Downloading Tweets using Python and MongoDB | Twitter for Academic Research

In this tutorial I walk you through how to use Python and MongoDB to download tweets from a list of Twitter users.

This tutorial builds on several recents posts on how to use Python to download Twitter data. Specifically, in a previous post I showed you how to download tweets using Python and an SQLite database — a type of traditional relational database. More and more people are interested in noSQL databases such as MongoDB, so in a follow-up post I talked about the advantages and disadvantages of using SQLite vs MongoDB to download social media data for research purposes. Today I go into detail about how to actually use MongoDB to download your data and I point out the differences from the SQLite approach along the way.

Overview

This tutorial is directed at those who are new to Python, MongoDB, and/or downloading data from the Twitter API. We will be using Python to download the tweets and will be inserting the tweets into a MongoDB database. This code will allow you to download up to the latest 3,200 tweets sent by each Twitter user. I will not go over the script line-by-line but will instead attempt to provide you a ‘high-level’ understanding of what we are doing — just enough so that you can run the script successfully yourself.

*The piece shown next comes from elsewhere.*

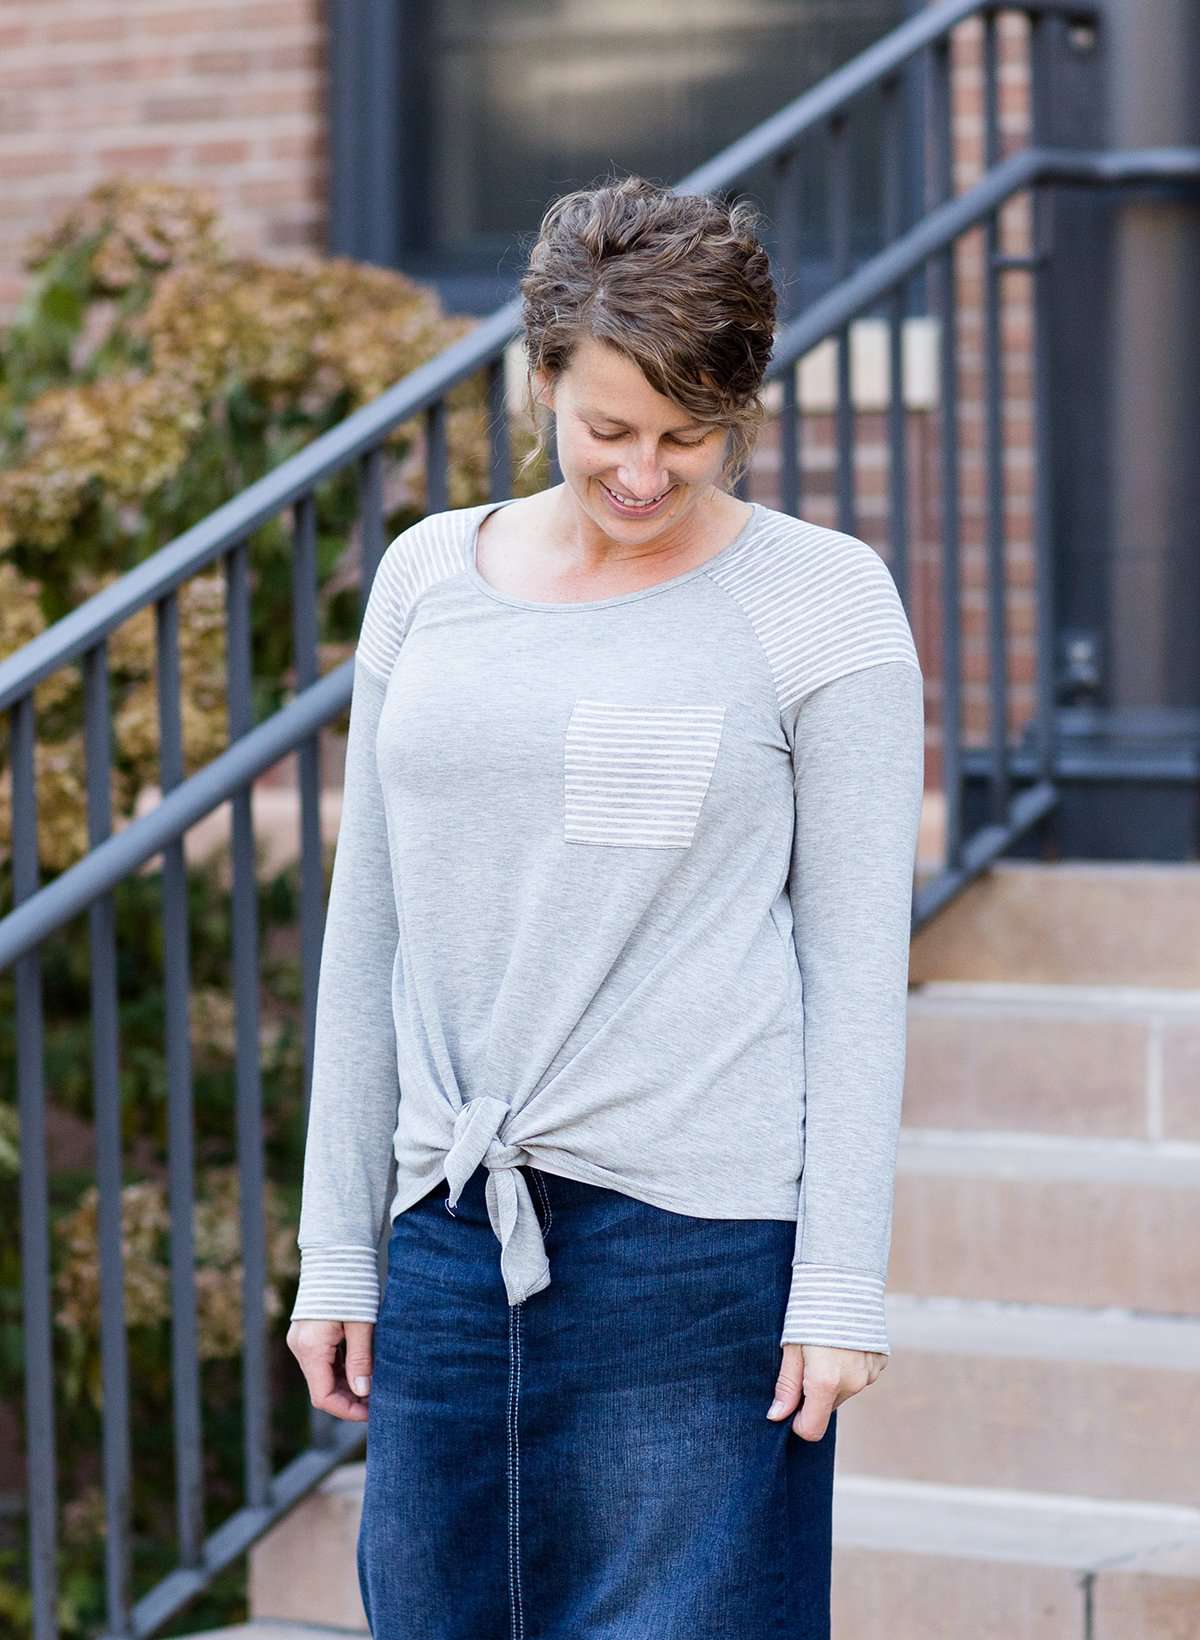 Woman wearing a gray tri blend top that has a striped pocket and a front tie.

Before running this script, you will need to:

Have Anaconda Python 2.7 installed
Have your Twitter API details handy
Have MongoDB installed and running
Have created a CSV file (e.g., in Excel) containing the Twitter handles you wish to download. Below is a sample you can download and use for this tutorial. Name it accounts.csv and place it in the same directory as the Python script.

If you are completely new to Python and the Twitter API, you should first make your way through the following tutorials, which will help you get set up and working with Python:

Another detailed tutorial I have created, Python Code Tutorial, is intended to serve as an introduction to how to access the Twitter API and then read the JSON data that is returned. It will be helpful for understanding what we’re doing in this script.

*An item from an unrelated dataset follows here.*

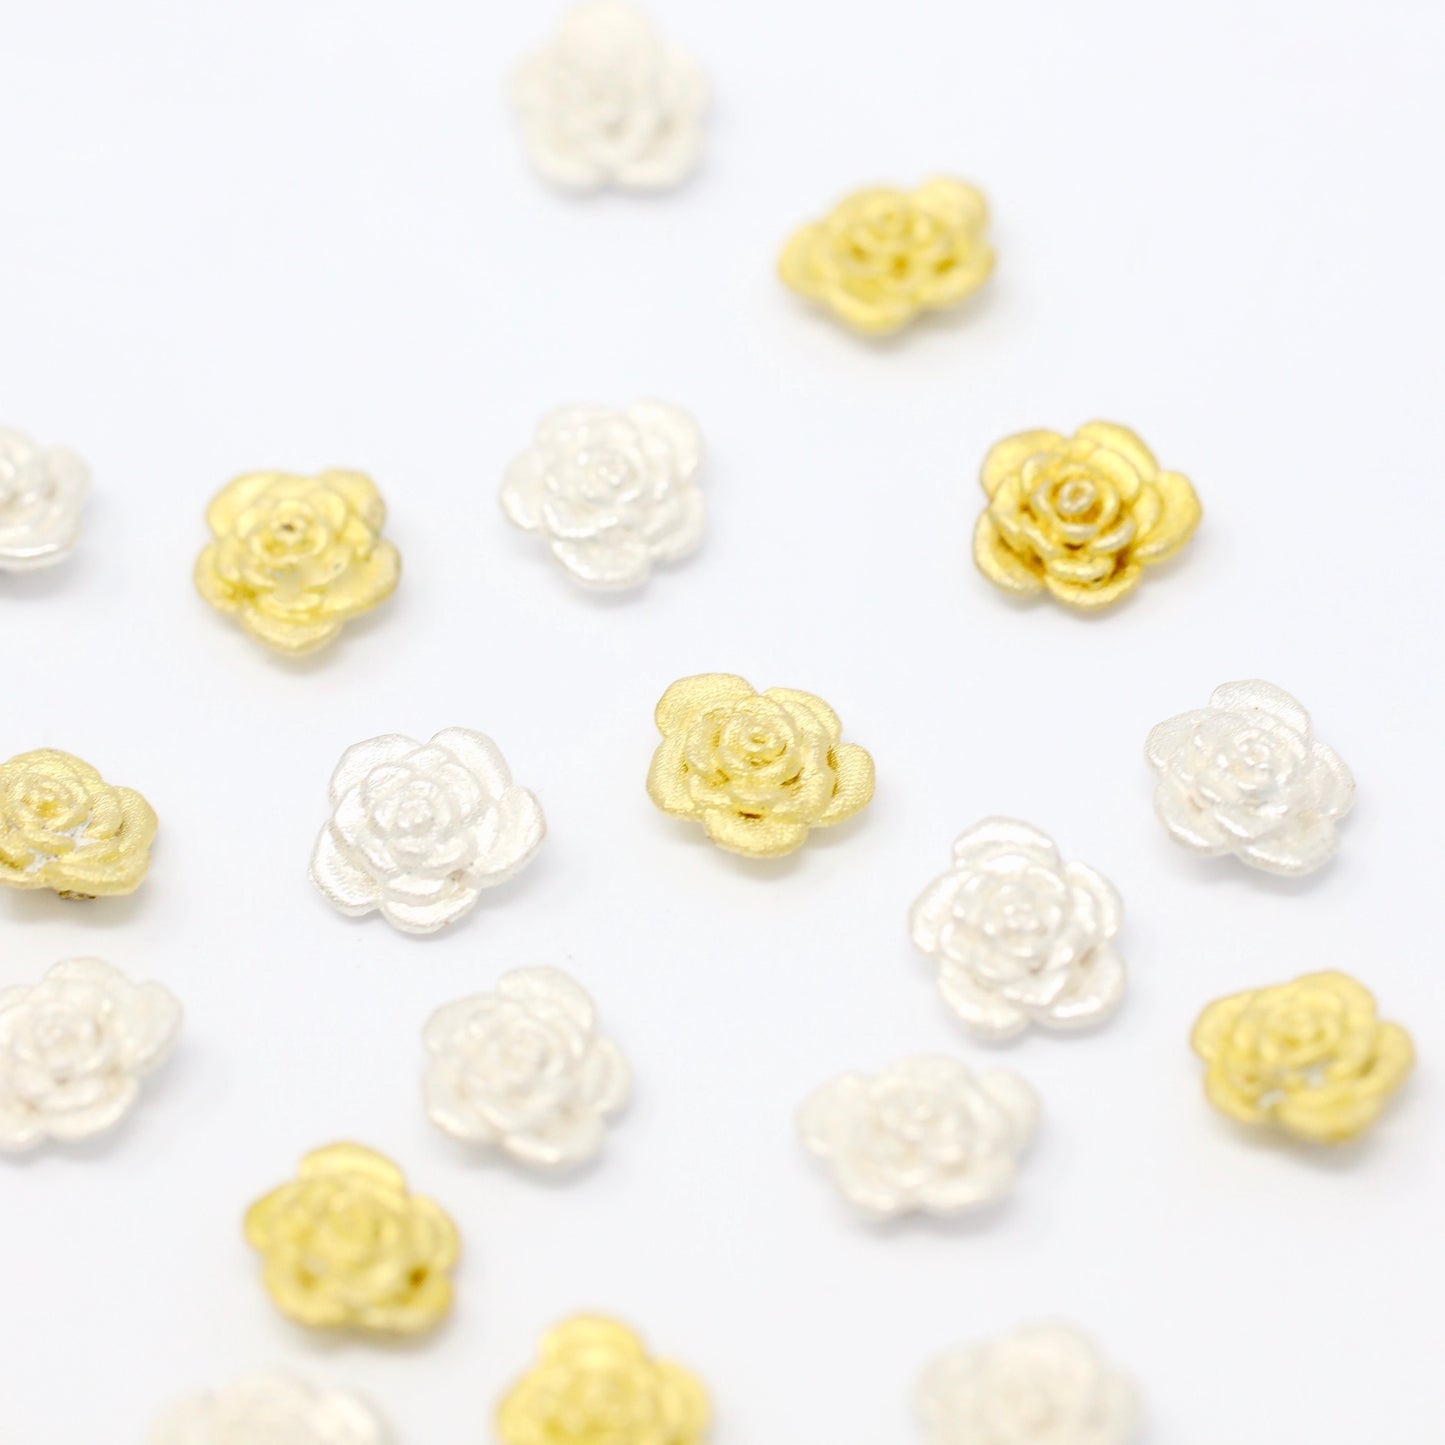 SALE Rose Accent Charm Embellishments for Soldering or Jewelry Making

Also, if you are not sure you want to use MongoDB as your database, take a look at this post, which covers the advantages and disadvantages of using SQLite vs MongoDB to download social media data. As noted in that post, MongoDB has a more detailed installation process.

At the end of this post I’ll show the entire script. For now, I’ll go over it in sections. The code is divided into seven parts:

Part I: Importing Necessary Python Packages

The first line in the code is the shebang — you’ll find this in all Python code.

[python]#!/usr/bin/env python[/python]

Lines 3 – 23 contain the docstring — also a Python convention. This is a multi-line comment that describes the code. For single-line comments, use the # symbol at the start of the line.

[python firstline=”3″] """
Social_Metrics_Tutorial_Script_User_Timeline_All_Pages.py – DOWNLOADS ALL AVAILABLE RECENT
TWEETS FROM 5 MLB ACCOUNTS INTO MONGODB DATABASE

BEFORE RUNNING THIS SCRIPT, YOU WILL NEED TO:
1. HAVE ANACONDA PYTHON 2.7 INSTALLED
2. HAVE CREATED CSV FILE (E.G., IN EXCEL) CONTAINING TWITTER HANDLES YOU
WISH TO DOWNLOAD (SEE TUTORIAL FOR DETAILS)
3. HAVE MONGODB INSTALLED AND RUNNING

THE CODE IS DIVIDED INTO SEVEN PARTS:
1. Importing necessary Python packages
2. Importing Twython and Twitter app key and access token
– YOU NEED TO MODIFY THIS SECTION IN ORDER TO GET SCRIPT TO WORK (LINES 39-41)
3. Defining function for getting Twitter data
4. Set up MongoDB database and collections (tables)
5. Read in Twitter accounts (and add to MongoDB database if first run)
6. Main loop over each of the Twitter handles in the accounts table of the database.
7. Print out number of tweets in database per account
"""
[/python]

In lines 26 – 31 we’ll import some Python packages needed to run the code. Twython can be installed by opening your Terminal and installing by entering pip install Twython. For more details on this process see this blog post.
[python firstline=”26″] ###### PART I: IMPORT PYTHON PACKAGES (ALL BUT TWYTHON ARE INSTALLED W/ ANACONDA PYTHON ######
import sys
import time
import json
import pandas as pd
from twython import Twython #NEEDS TO BE INSTALLED SEPARATELY ONCE: pip install Twython
[/python]

Part II: Import Twython and Twitter App Key and Access Token

Lines 37-42 is where you will enter your Twitter App Key and Access Token (lines 40-41). If you have yet to do this you can refer to the tutorial on Setting up access to the Twitter API.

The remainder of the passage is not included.